Boyle Holding Corp. v. Medgreen Holding Corp.

Cohn, J.

There was adduced no proof to establish defendant’s claim that in the sale of defendant’s property fraud was practiced by the plaintiff, by the Port of New York Authority (hereinafter referred to as the authority) through any of its officers, or by the real estate brokerage corporation which negotiated the sale. Certain it is that those connected with the authority acted fairly and honorably throughout. Though the broker knew that the plaintiff corporation was used as a cloak to conceal the identity of the authority, it was under no duty to disclose that fact to the vendor. So long as the broker acted in good faith its agreement to withhold the identity of the real principal is not against public policy or void. (Foss v. N. Y. C. & H. R. R. R. Co., 161 App. Div. 681; affd., 217 N. Y. 727.) A broker is obligated to disclose the buyer’s name where there might be any question as to the latter’s financial responsibility. (Ostroff v. Doctor, 238 N. Y. 264.) Here no such question arose. Nor was the plaintiff under a duty to reveal to the defendant the fact of the authority’s connection with the prospective purchase.
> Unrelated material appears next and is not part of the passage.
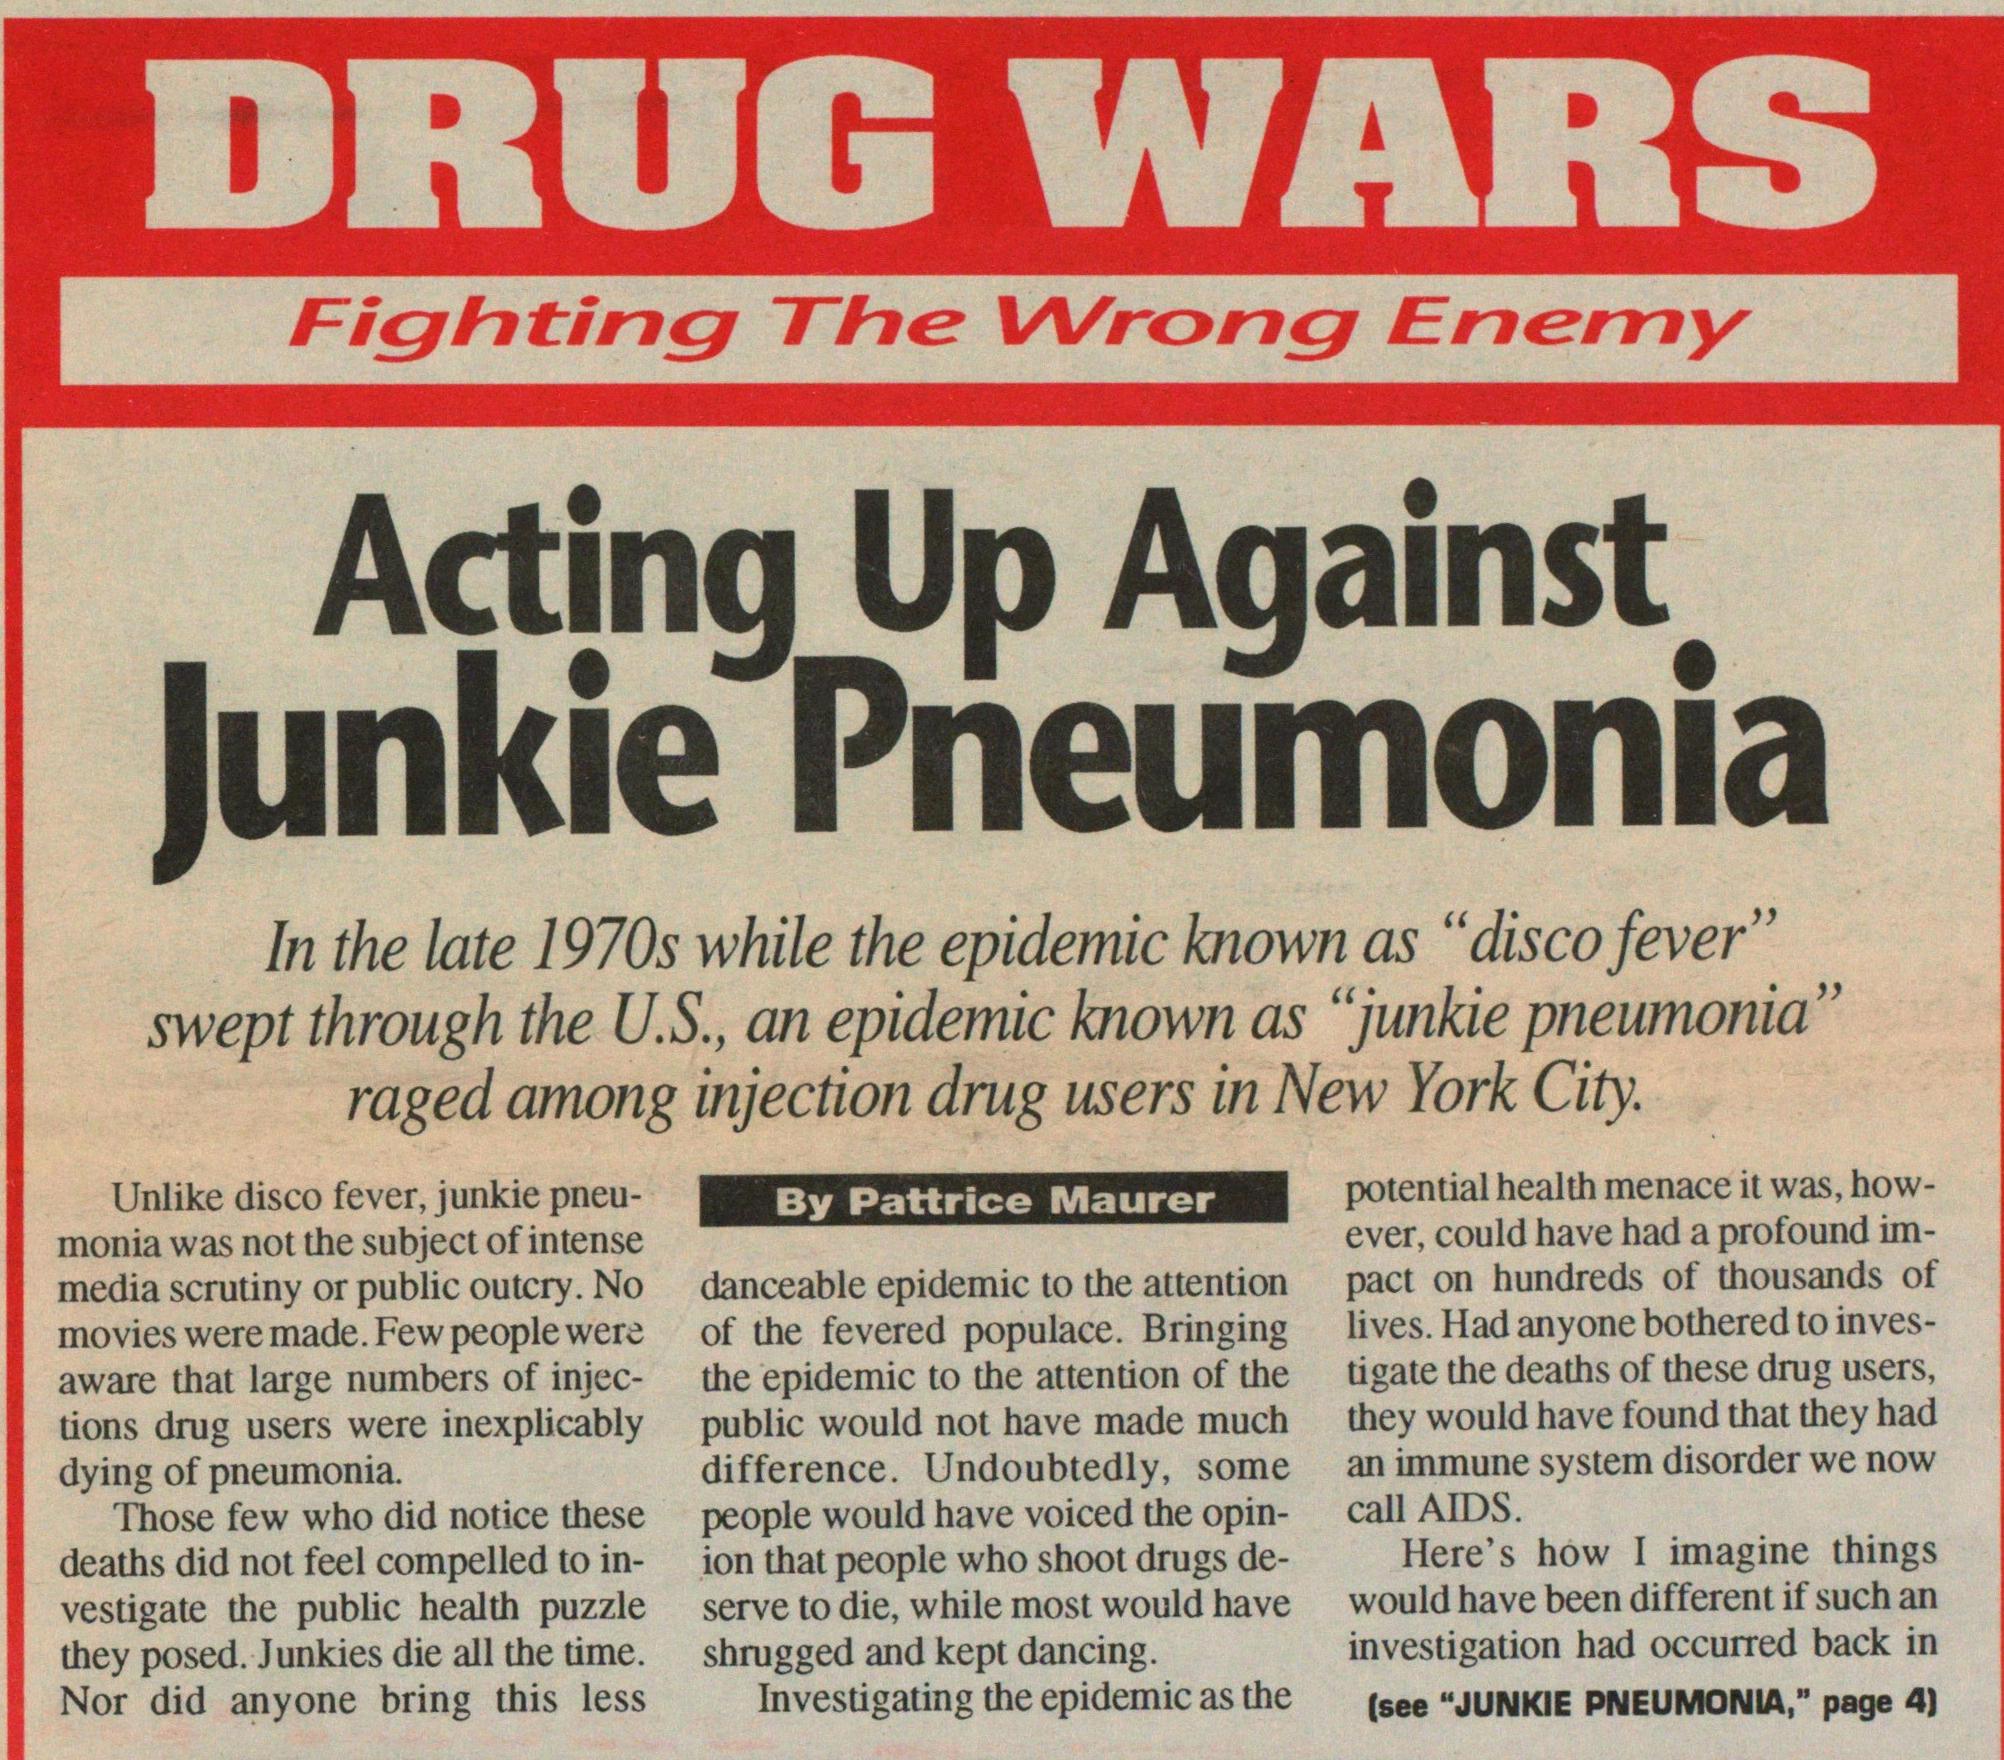 Acting Up Against Junkie Pneumonia image

*190The Port of New York Authority, a corporation created by the States of New York and New Jersey in the year 1921, acquires land for the building of bridges, tunnels, approaches and terminals in the district of the port of New York. Its policy is to secure its property for these public improvements by direct negotiation with the owners rather than by a resort to condemnation proceedings. The location of a project is determined upon long in advance of the time when actual construction is commenced. Functioning with informality and usually with secrecy, it endeavors to purchase property required not at exaggerated and exorbitant values but at prices which are fair and reasonable. (Report on Law and Procedure in Condemnation Applicable to Proceedings Brought by the City of New York, by Leonard M. Wallstein, Special Assistant Corporation Counsel, pp. 594, 595, 596, dated Jan. 28, 1932.) This method of procedure in the acquisition of land adopted by the authority is a praiseworthy one and is in the public interest. A public agency should be compelled to pay no more than reasonable value for property acquired for public use. So long as there is no fraud or deception practiced upon the vendor, sales consummated by public bodies under the guise of subsidiary corporations are not rendered invalid.

As the defendant is no longer the owner of the property involved, the court is without power to grant to the plaintiff specific performance of the contract, but plaintiff is entitled to recover the portion of the purchase price paid by it to the defendant. A court of equity conforms its decree to the situation existing at the time of trial. It may award judgment for money damages to the vendee for breach of contract by the vendor if since the commencement of the action specific performance by the vendor has become impossible because the property to be transferred has been otherwise disposed of. (Casino Hall, Inc., v. Levinson, 223 App. Div. 721; Saperstein v. Mechanics & Farmers Savings Bank, 228 N. Y. 257, 261; Zauderer v. Market Street Long Beach Realty Corporation, 128 Misc. 364; affd., 221 App. Div. 760; Merry Realty Co. v. Shamokin & Hollis R. E. Co., 230 N. Y. 316, 322.) The amendment to the complaint sought by the plaintiff is allowed and judgment is granted for the plaintiff in the sum of $10,000, with interest from the 1st day of November, 1931. Submit findings on notice.